Ok, Ok, I know you’re dying to know what I’ve done in the way of interesting reading, and you truly are jonesing for a photo of the day. Maybe not, but “whatever.”
Yesterday I was ready to get a decision made about the next bit of round robin and start cutting fabric. Need to measure this piece so I can get the planning done in more specific terms than up to this point. I bought a replacement for my 120 inch tape measure after Cameron misplaced mine. Then I found the old one. Now I have two. I cleaned house the other day and thought as I put them away, I need to remember where these are. Now they’re both missing. I have a place where they should be. I guess I forgot where I think they belong when I put them both “away.” Today, I likely will be come the owner of a third 120 in. tape measure.
Meanwhile I put together another block from last year’s shop hop at the Houston festival. Oddest colors ever. But I’m kinda of liking them. I’ll aim to do another today.
Since I’m about as interested in getting something written as I am in mowing the yard, I have no clue why this grabbed me. A novel is not my aim in any case. But here’s why first time novelists aren’t the young things you might want to see on the dust jacket. “Why New Novelists are kinda Old.” Good writing, and a topic I found interesting.
…you know what? Writing sixty to one hundred thousand words of fiction is not something most people cannonball through, even if they assure you, with the appropriate amount of false modesty, that they’re really better at long-form fiction. Maybe they are, but they still had a long walk to get there. I’m better at long-form and it took me until I was 28 before I could do it. Meanwhile I’d been writing short for years up to that point, in the form of reviews and columns and humor pieces and (yes) occasional attempts at short fiction that I mostly abandoned after a page or two.
Now there’s some political humor that likely has gone viral. I didn’t find the embeddable on YouTube, but Jib Jab’s whack at Obama is here. Seems like it ought to be at least mildly funny even to the liberal types. I’m going to try henceforth to keep my political commentary at least on the humorous side. Here to save the day
The other day, I said I’d gotten links from Cousin Jim to some of his first photos. I personally loved a picture from Tulsa of the Philtower lit up and reflecting in a more modern glass monstrosity at night. It was some excellent night photography. But is will be recognizable to most. 

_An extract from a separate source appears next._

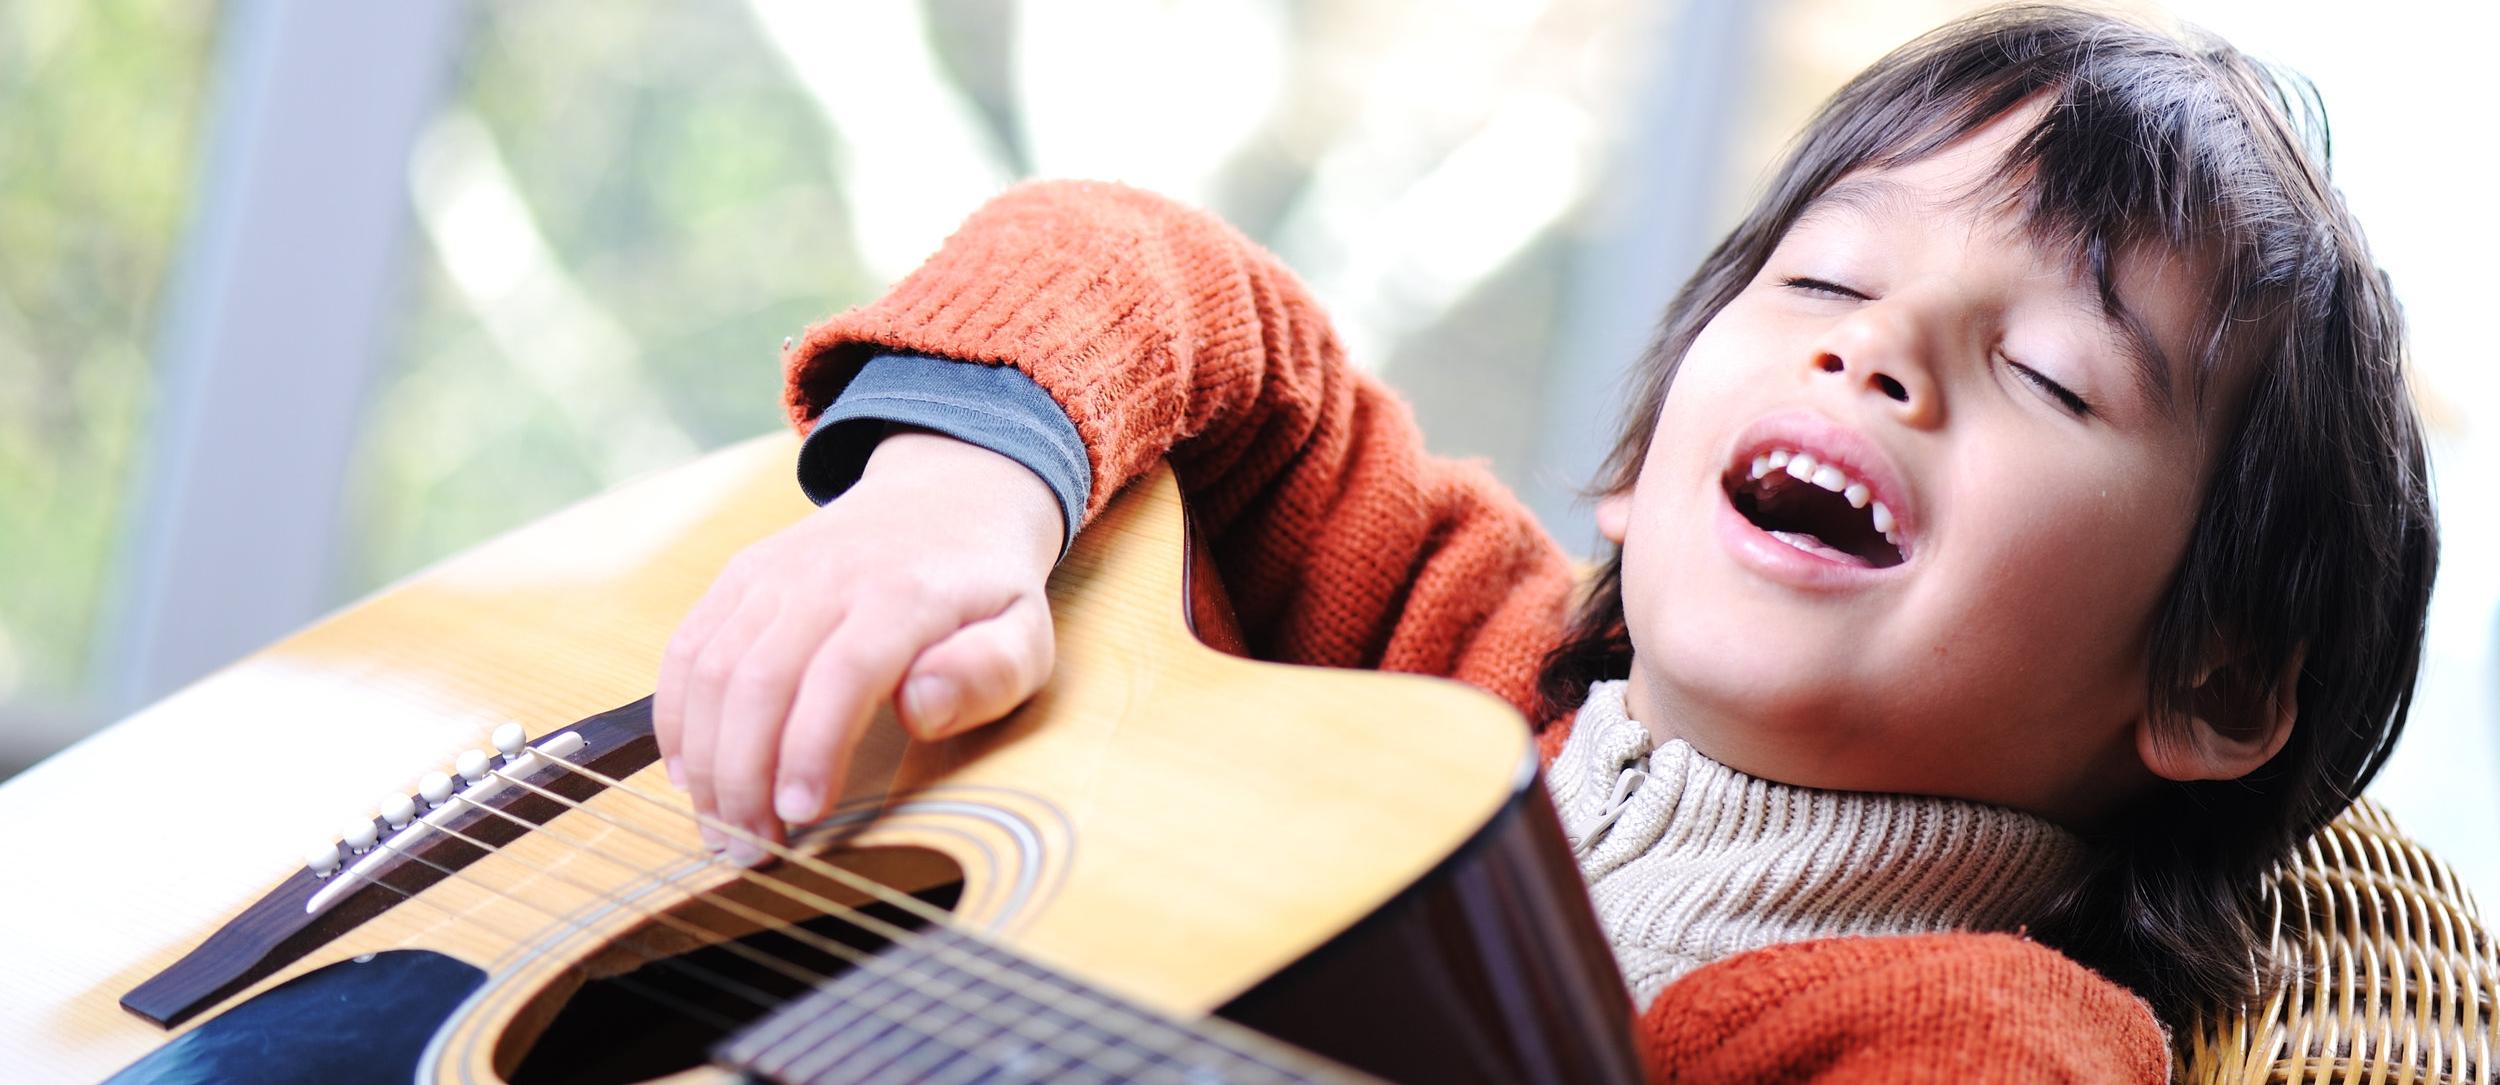 shutterstock_92907151 boy with guitar.jpg

Jim’s photo of Paris. My thought is that he needs to set up a place where he can sell 8 x 10 prints of that. I’d buy one of that and another of the Philtower photo.

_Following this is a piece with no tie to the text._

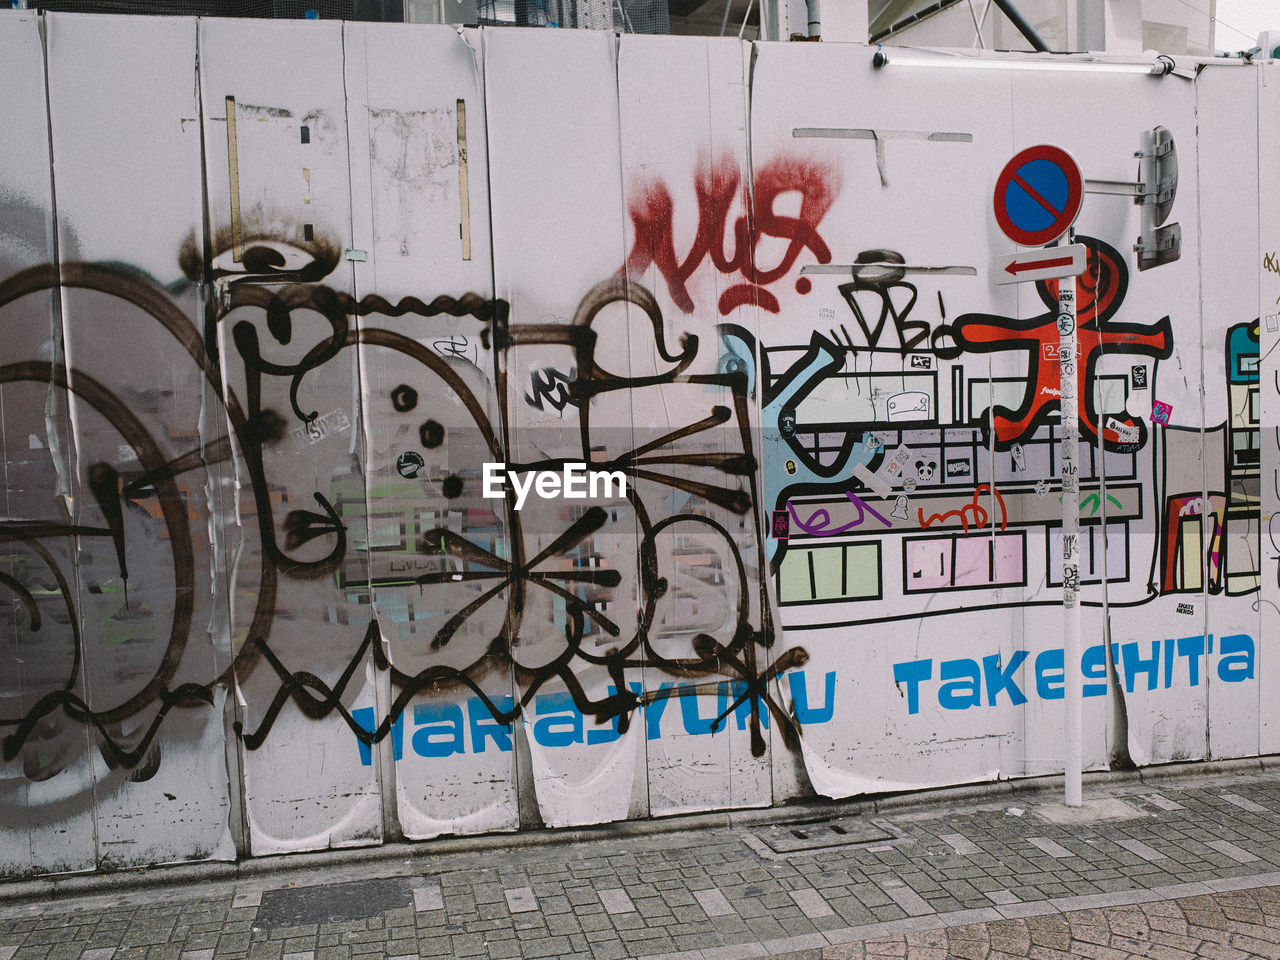 GRAFFITI ON WALL BY FOOTPATH IN CITY

And finally, from Wretchard, some of his excellent “overview” sort of writing. This guy sees the world…well his experiences are unique and he writes and puts together ideas in whys that astound me. The Molten Calf
The ability to recognize the face of tyranny is a fragile skill which cannot really be passed on, except as a critical attitude. As the twentieth century recedes into the past, a kind of antiquity has descended over the prophets of the past, who speak to us now only through old, cloth-covered books from second-hand bookshops or lying in corners at garage sales or lending libraries. Even 1984 is set in a time so long ago that it can only be portrayed in film as steampunk. We can no longer imagine “a boot in a human face forever” in a world where the Croc sandal may be the preferred footwear of militants. ‘A Croc sandal stamping on a human face forever?’ Who could credit such a tyranny, even if it were true? But the face of evil ever renews itself.
Lagniappe! It’s a two photo day. This from May 20 on the bridge over Bayou Lacombe. Three generations. I am such a beauty…. why did my modeling career never take off?